Q-less QR factorization by Householder reflections takes \(\sim(2mn^2-\frac{2}{3}n^3)\) flops.
The flop count quoted in Theorem 3.4.5 dominates the running time for least-squares solution via QR. Compared to the count from Theorem 3.2.7 for solution by the normal equations, the flops are essentially identical when \(m=n\), but the QR solution is about twice the cost when \(m\gg n\). The redeeming quality of the QR route is better stability, which we do not discuss here.
Exercises#
⌨ Find a Householder reflector \(\mathbf{P}\) such that
\[\begin{split}\mathbf{P} \begin{bmatrix} 2 \\ 9 \\ -6 \end{bmatrix} = \begin{bmatrix} 11\\0\\0 \end{bmatrix}.\end{split}\]✍ Prove the unfinished items in Theorem 3.4.2, namely that a Householder reflector \(\mathbf{P}\) is symmetric and orthogonal.
✍ Let \(\mathbf{P}\) be a Householder reflector as in (3.4.1).
(a) Find a vector \(\mathbf{u}\) such that \(\mathbf{P}\mathbf{u} = -\mathbf{u}\). (Fig. 3.4.1 may be of help.)
(b) What algebraic condition is necessary and sufficient for a vector \(\mathbf{x}\) to satisfy \(\mathbf{P}\mathbf{x}=\mathbf{x}\)? In \(n\) dimensions, how many such linearly independent vectors are there?
✍ Under certain circumstances, computing the vector \(\mathbf{v}\) in (3.4.4) could lead to subtractive cancellation, which is why line 12 of Function 3.4.4 reads as it does. Devise an example that causes subtractive cancellation if (3.4.4) is used.
✍ Suppose QR factorization is used to compute the solution of a square linear system, \(\mathbf{A}\mathbf{x}=\mathbf{b}\), i.e., let \(m=n\).
(a) Find an asymptotic flop count for this procedure, and compare it to the LU factorization algorithm.
(b) Show that \(\kappa_2(\mathbf{A}) = \kappa_2(\mathbf{R})\).
✍ Prove that \(\kappa_2(\mathbf{A})=\kappa_2(\mathbf{R})\) when \(\mathbf{A}\) is not square. (Be careful! You can’t take an inverse of \(\mathbf{A}\) or \(\mathbf{R}\).)
Another algorithmic technique for orthogonally introducing zeros into a matrix is the Givens rotation. Given a 2-vector \([\alpha,\, \beta]\), it defines an angle \(\theta\) such that
\[\begin{split}\begin{bmatrix} \cos(\theta) & \sin(\theta) \\ -\sin(\theta) & \cos(\theta) \end{bmatrix} \begin{bmatrix} \alpha \\ \beta \end{bmatrix} = \begin{bmatrix} \sqrt{\alpha^2 + \beta^2} \\ 0 \end{bmatrix}.\end{split}\](a) ✍ Given \(\alpha\) and \(\beta\), show how to compute \(\cos \theta\) and \(\sin \theta\) without evaluating any trig functions.

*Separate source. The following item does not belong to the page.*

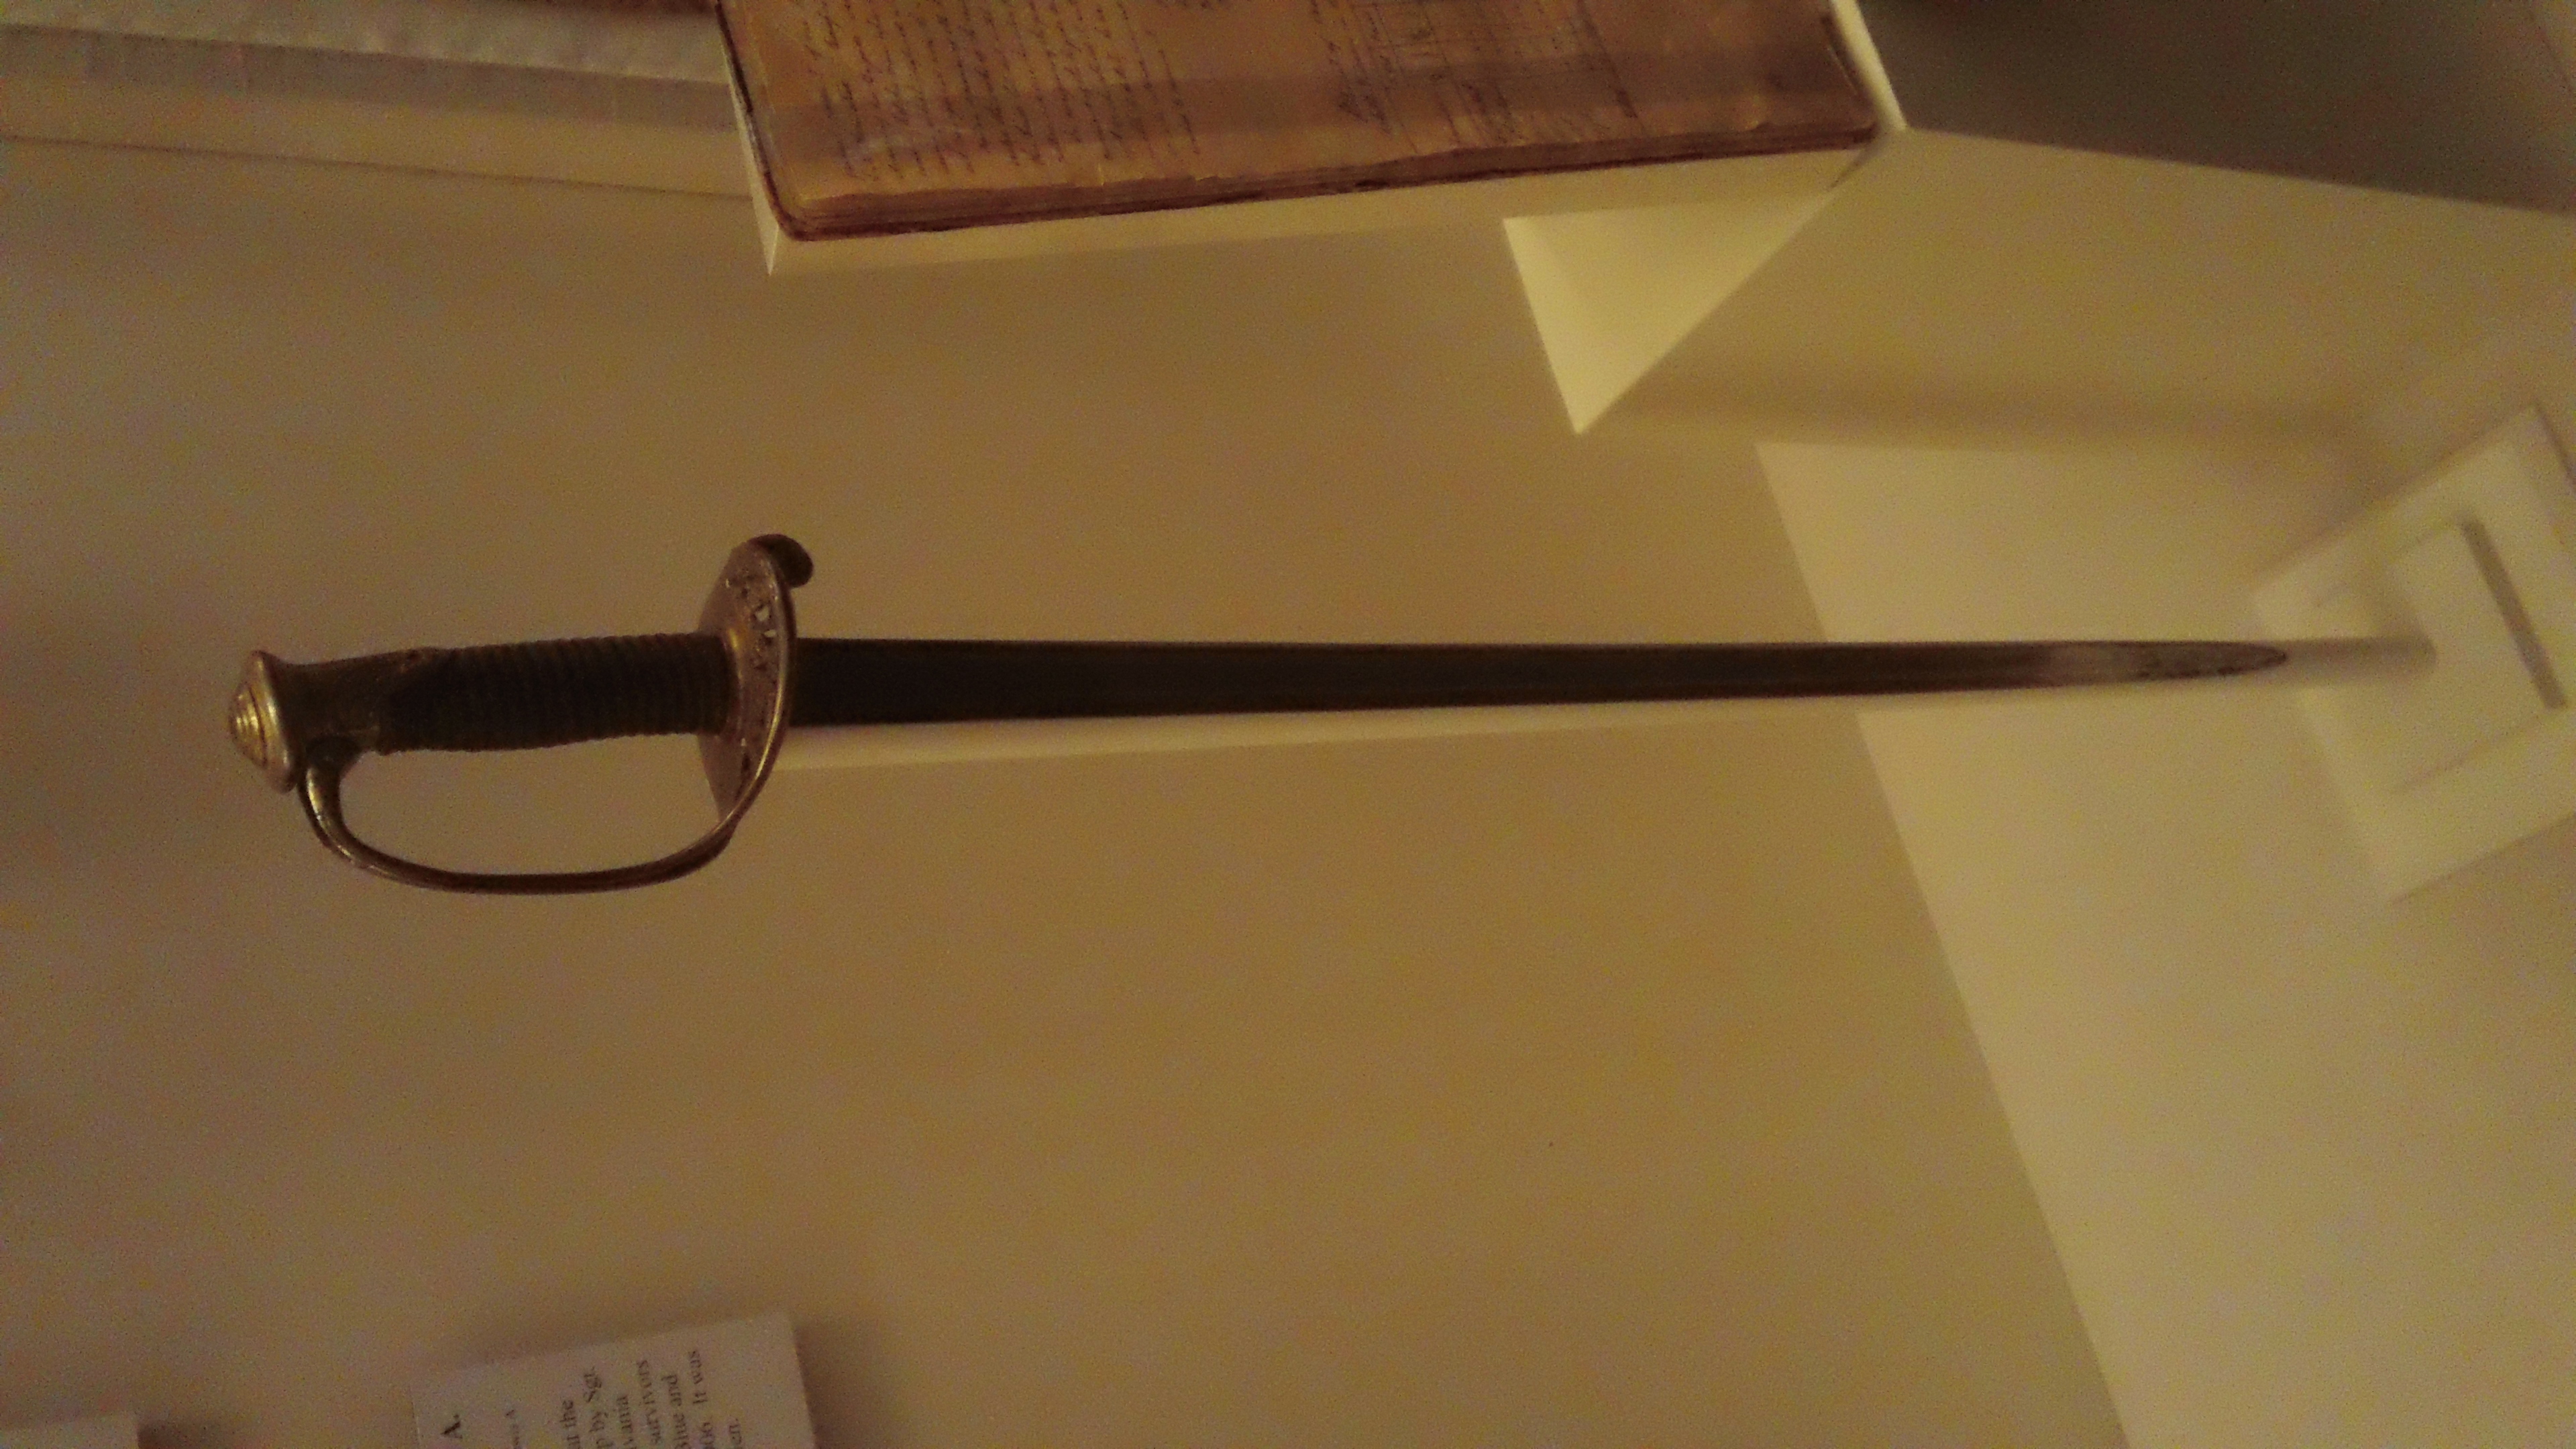  The sword of Armistead. To see it with my own eyes was a special moment.&nbsp;

(b) ⌨ Given the vector \(\mathbf{z}=[1\;2\;3\;4\;5]^T\), use Julia to find a sequence of Givens rotations that transforms \(\mathbf{z}\) into the vector \(\| \mathbf{z} \|\mathbf{e}_1\). (Hint: You can operate only on pairs of elements at a time, introducing a zero at the lower of the two positions.)
✍ Derive the result of Theorem 3.4.5 by analyzing Function 3.4.4 without lines 20–22.
✍ Suppose \(m=Kn\) for constant \(K \ge 1\) as both \(m\) and \(n\) go to infinity. Show that the flop counts from Theorem 3.4.5 and Theorem 3.2.7 have a ratio of 1 when \(K=1\) and approaches 2 as \(K\to \infty\).